This Christian uses the bible in support of killing gays;
Should I Kill Gay People?

This Christians wants the killing of gays made law;

California lawyer seeks to put 'shoot the gays' proposal on 2016 ballot


Still more blood thirsty Christians ;

Salvation Army Says 'Gays Need to Be Put to Death'?


----------



## vasuderatorrent (Sep 10, 2016)

Mickiel said:


> vasuderatorrent said:
> 
> 
> > 3 out of 280,000,000 is .00000000107142857%.
> ...



You named zero.  You gave me links.  I had to list the names for you.  I thought you gave up.


----------



## vasuderatorrent (Sep 10, 2016)

This is what you said.  I quote you,

"With pleasure;

Here's a Christian pastor , and you can choose any two of his members.

Christian Pastor Says Gays 'Worthy of Death' At Conference With 3 GOP Presidential Candidates"

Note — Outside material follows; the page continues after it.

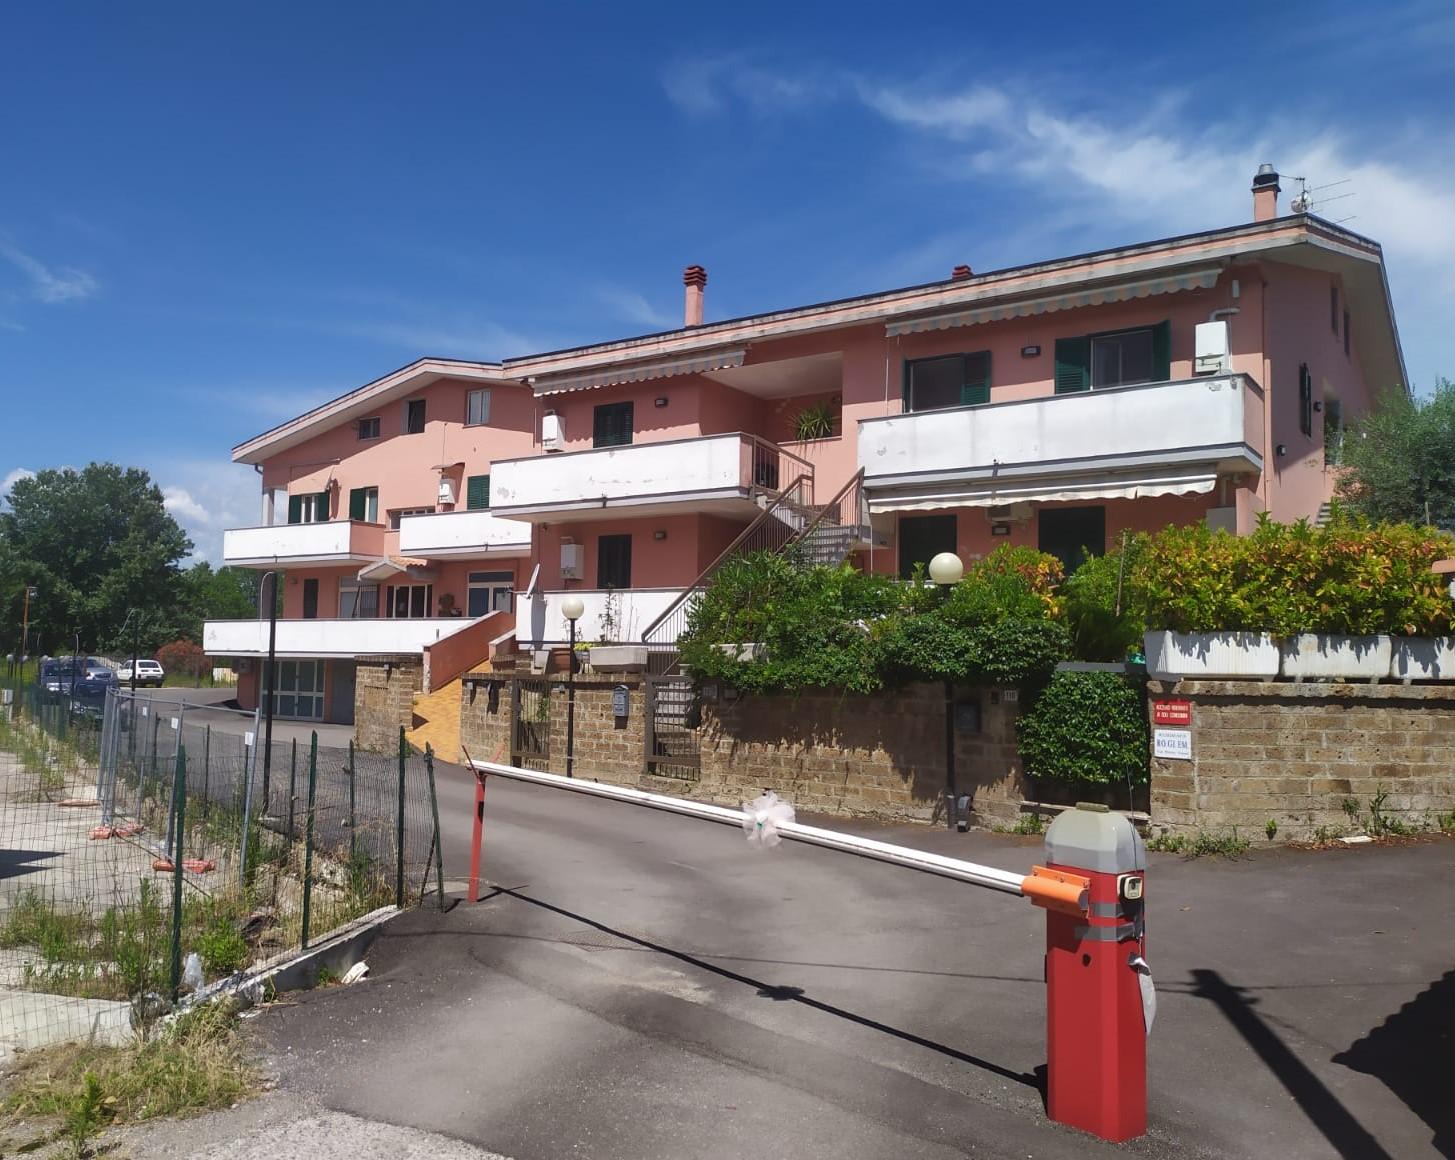 Negozio o Locale in affitto via pietro nenni  San Giovanni Teatino (CH)

The number of names listed in that post was 0.  I counted them twice.  I came up with 0 both times.


----------



## vasuderatorrent (Sep 10, 2016)

This is what you said.  I quote you,

"As you wish;

Christian Pastor Celebrates Nightclub Massacre: "There's 50 Less Pedophiles in This World" " 

The number of names listed in that post was 0.  I counted them three times just to make sure.  I came up with 0 all three times.


----------



## vasuderatorrent (Sep 10, 2016)

This is what you said.  I quote you,

"Heres more;

The Christians Who Want To Execute You-And The Repuplicans Who Courth Them/ Queerty"

The number of names listed in that post was 0.  I counted them seven times.  I came up with 0 all seven times.

It doesn't matter any more.  You couldn't list any names whatsoever of Christians who want gays dead.  I was outrageously generous I gave you credit for listing 2 names.  All you had to do was come up with 1 name and you couldn't do it.  You gave up.  Don't you remember?   I have already assumed that you are incapable of listing one name of a Christian who wants gays dead.  I have moved on.  Stop worrying about it.  You can't do it.  You have proven that.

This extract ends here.